WHAT THE EXERCISE ASKS:
Please give the lines below again exactly as they stand, from the one that contains "парням нравятся девушки любят пиво" up to and including the one that contains "Bahamasair 737", leaving all pictures out.

INPUT MATERIAL:

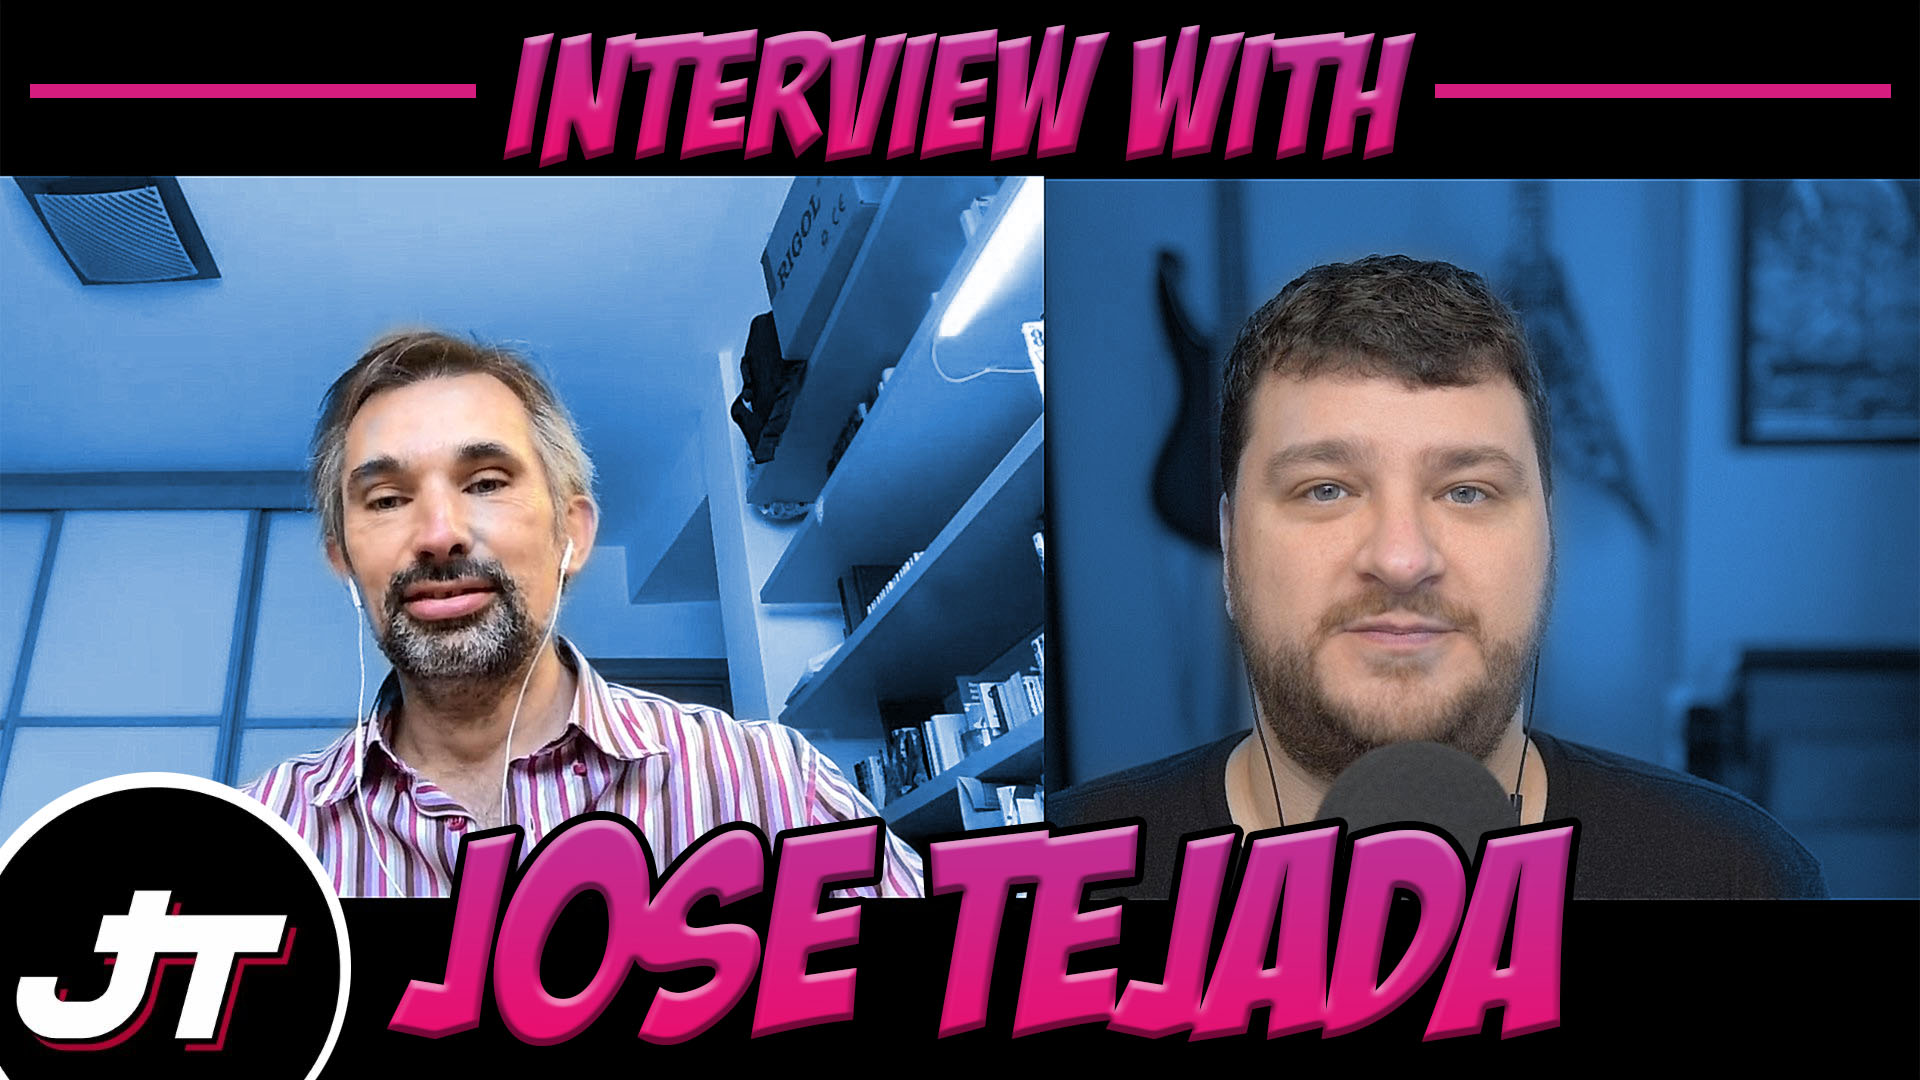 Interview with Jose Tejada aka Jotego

...

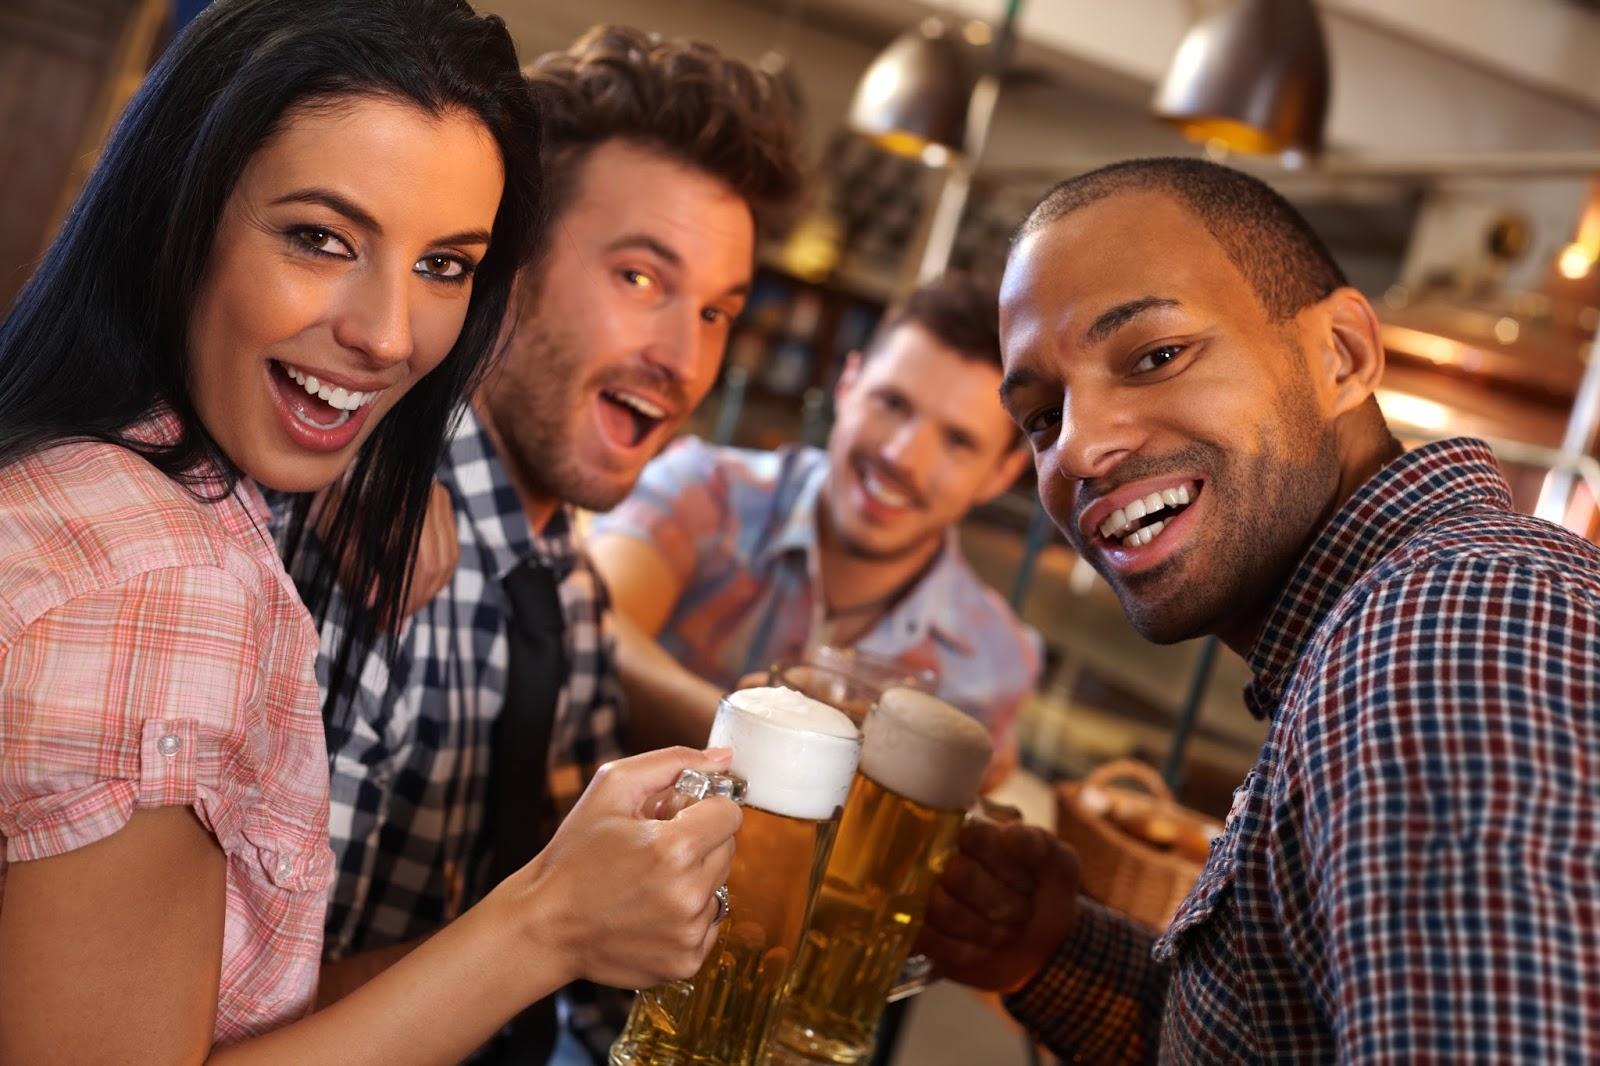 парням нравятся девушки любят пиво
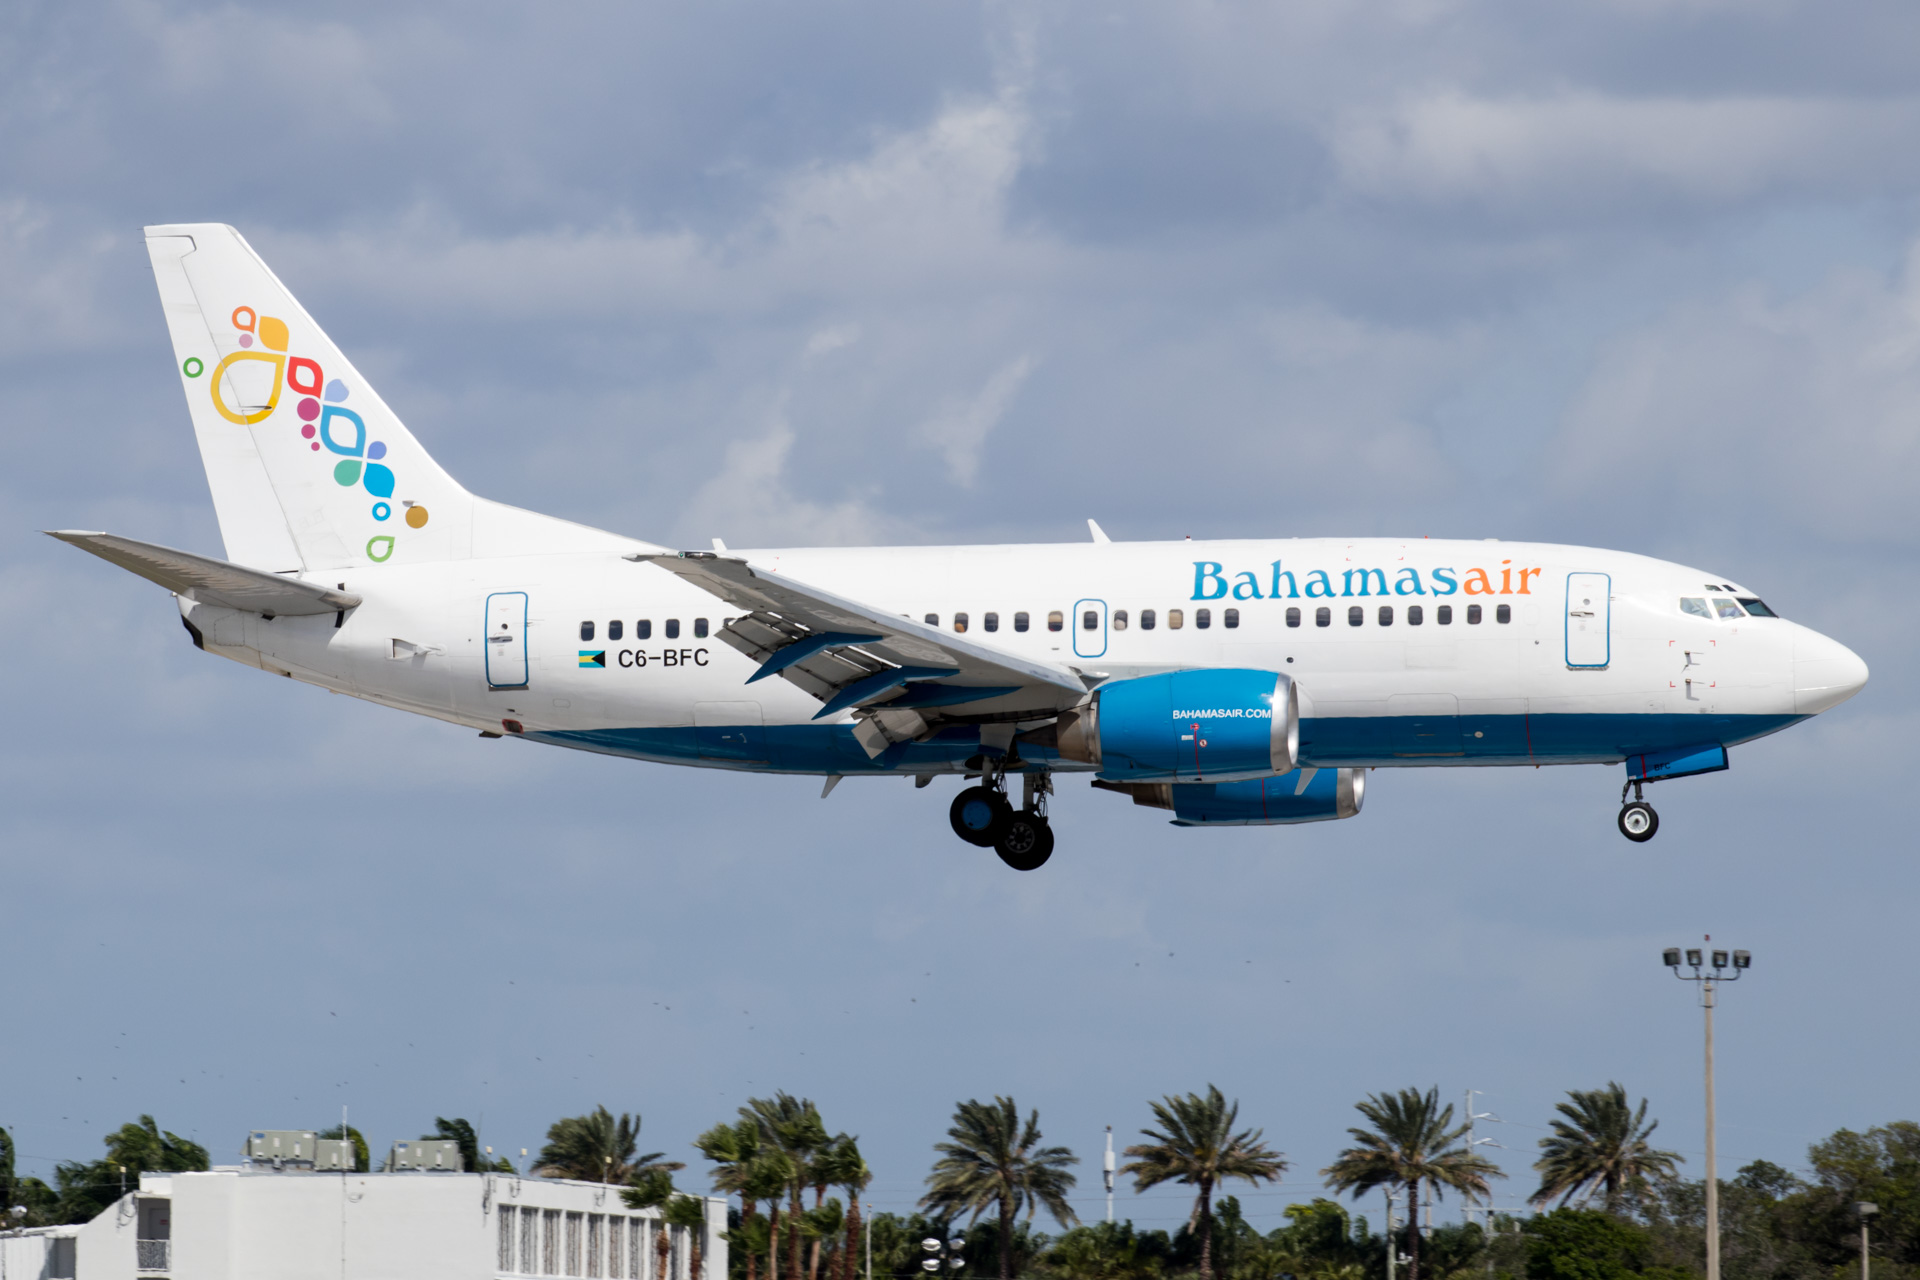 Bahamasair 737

...

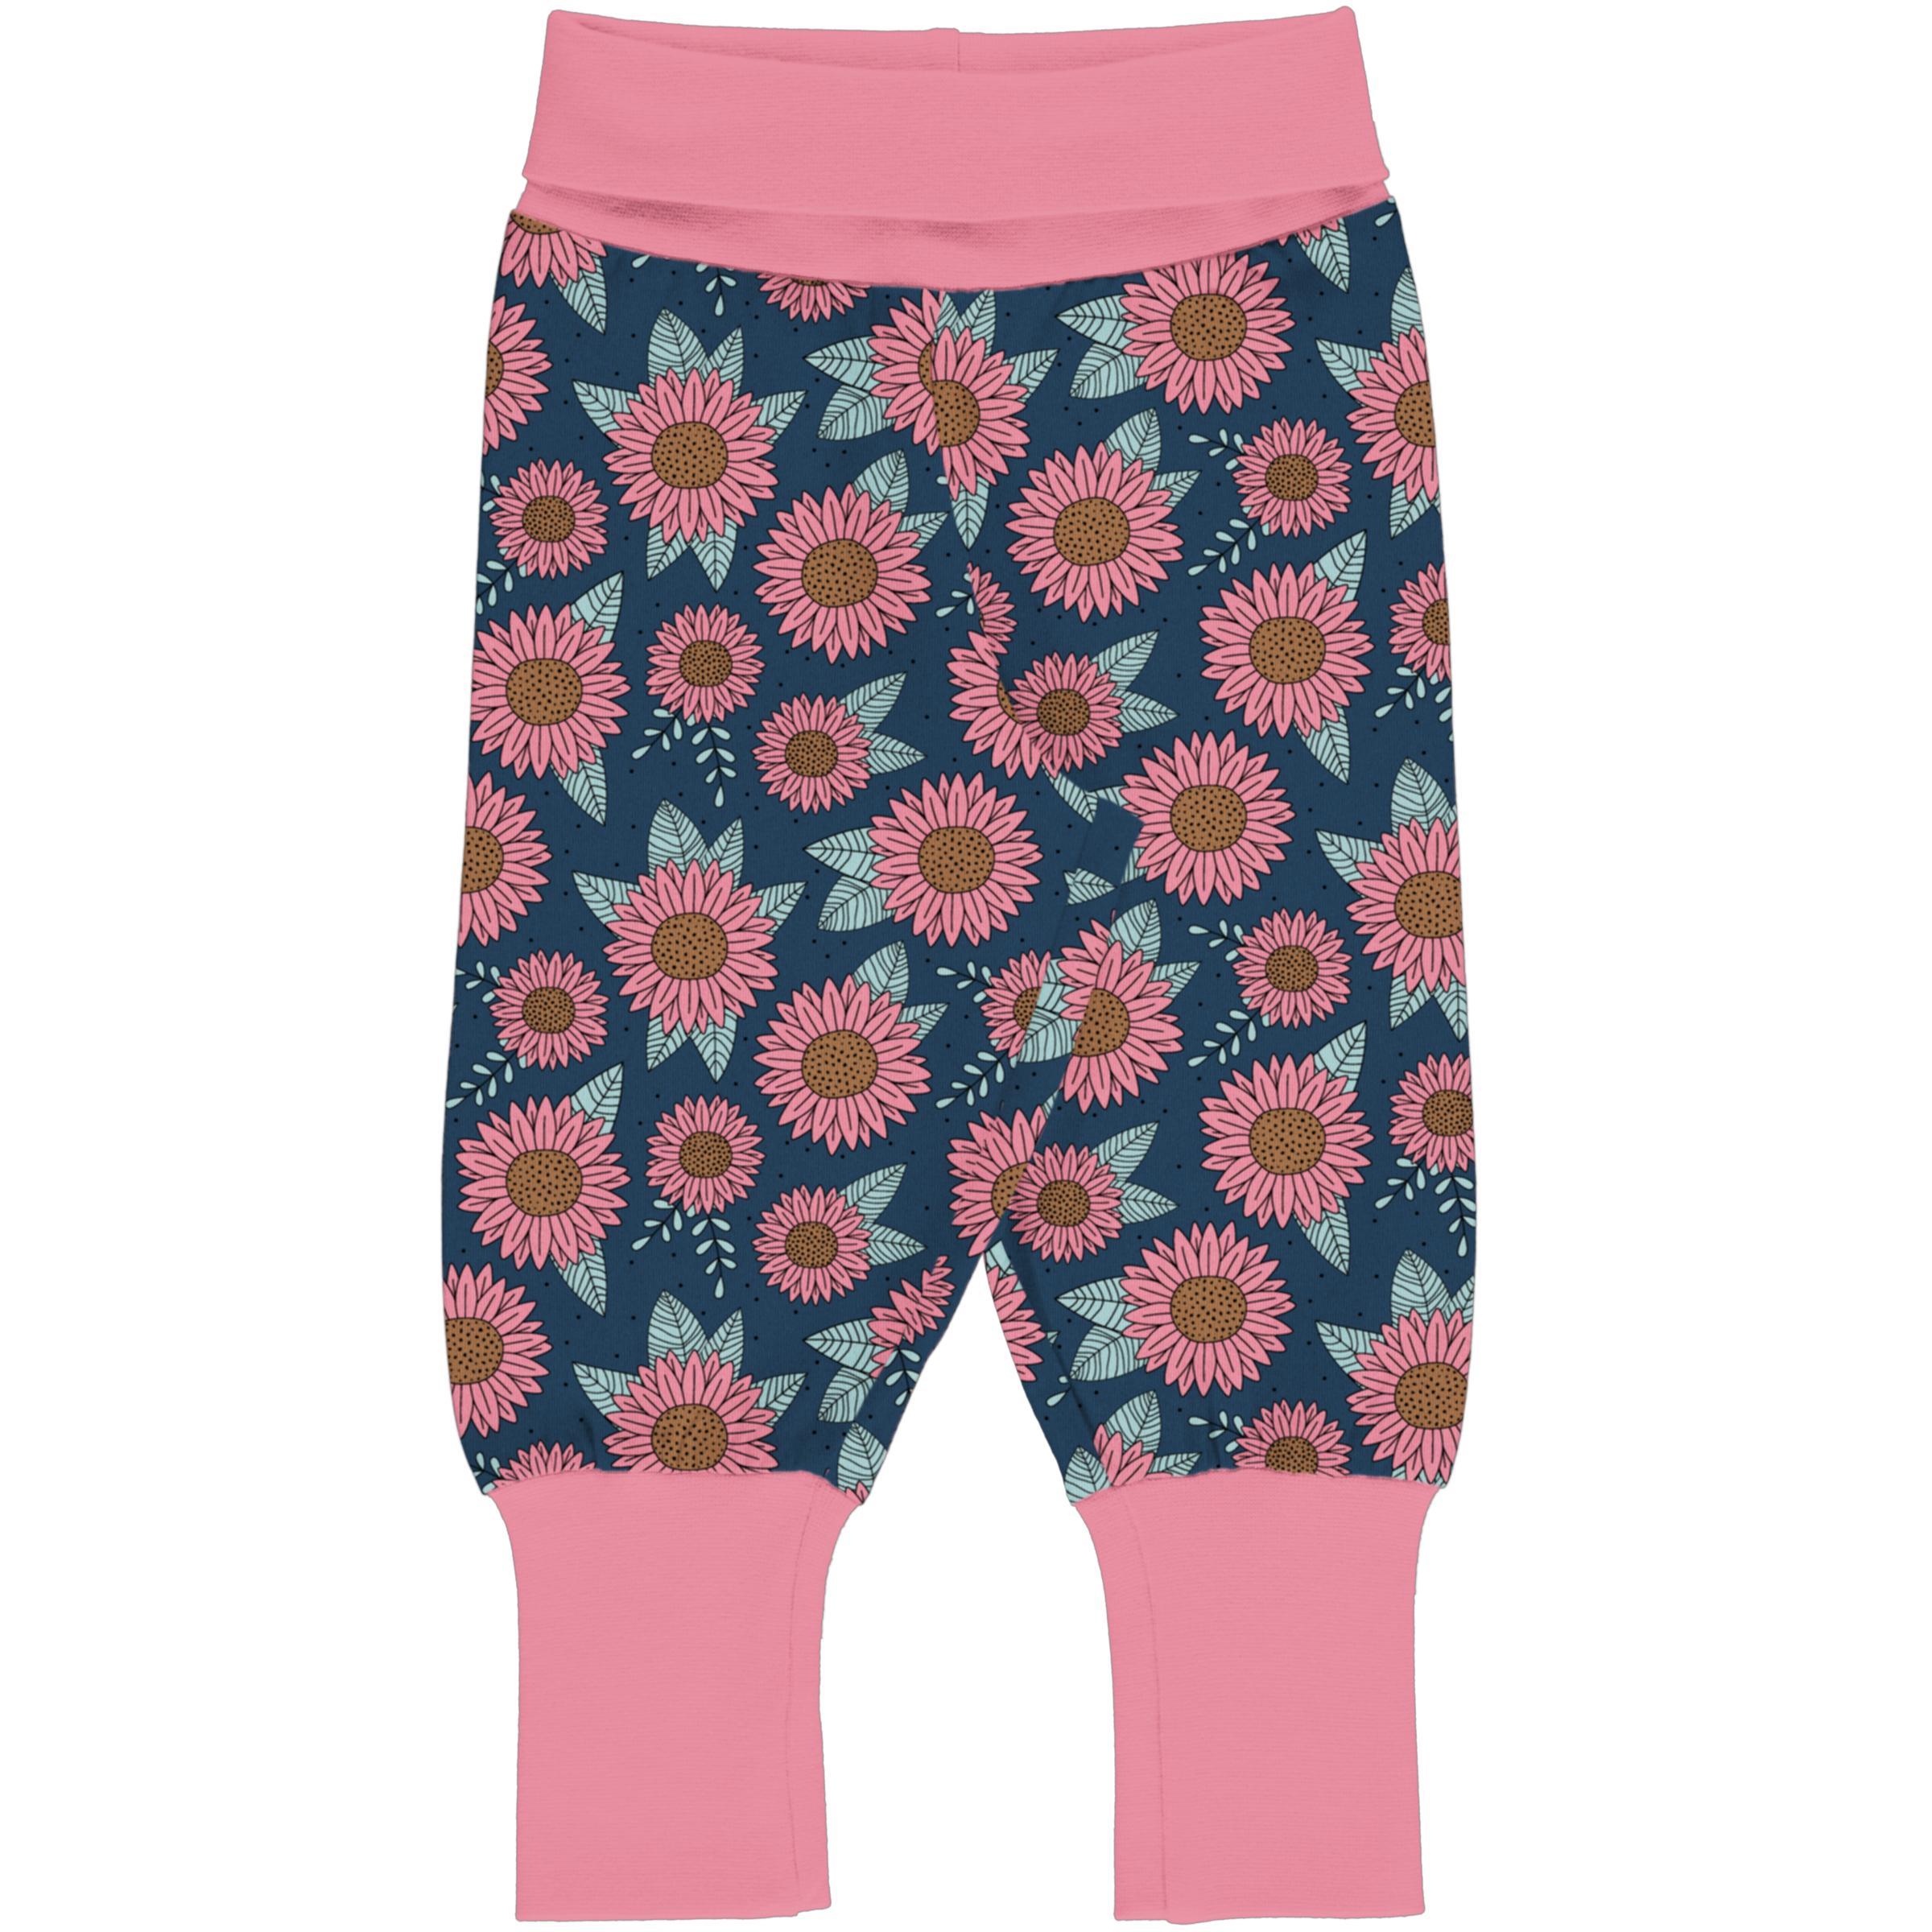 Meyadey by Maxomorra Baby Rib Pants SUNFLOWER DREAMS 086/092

ANSWER TO THIS TASK:
 парням нравятся девушки любят пиво
 Bahamasair 737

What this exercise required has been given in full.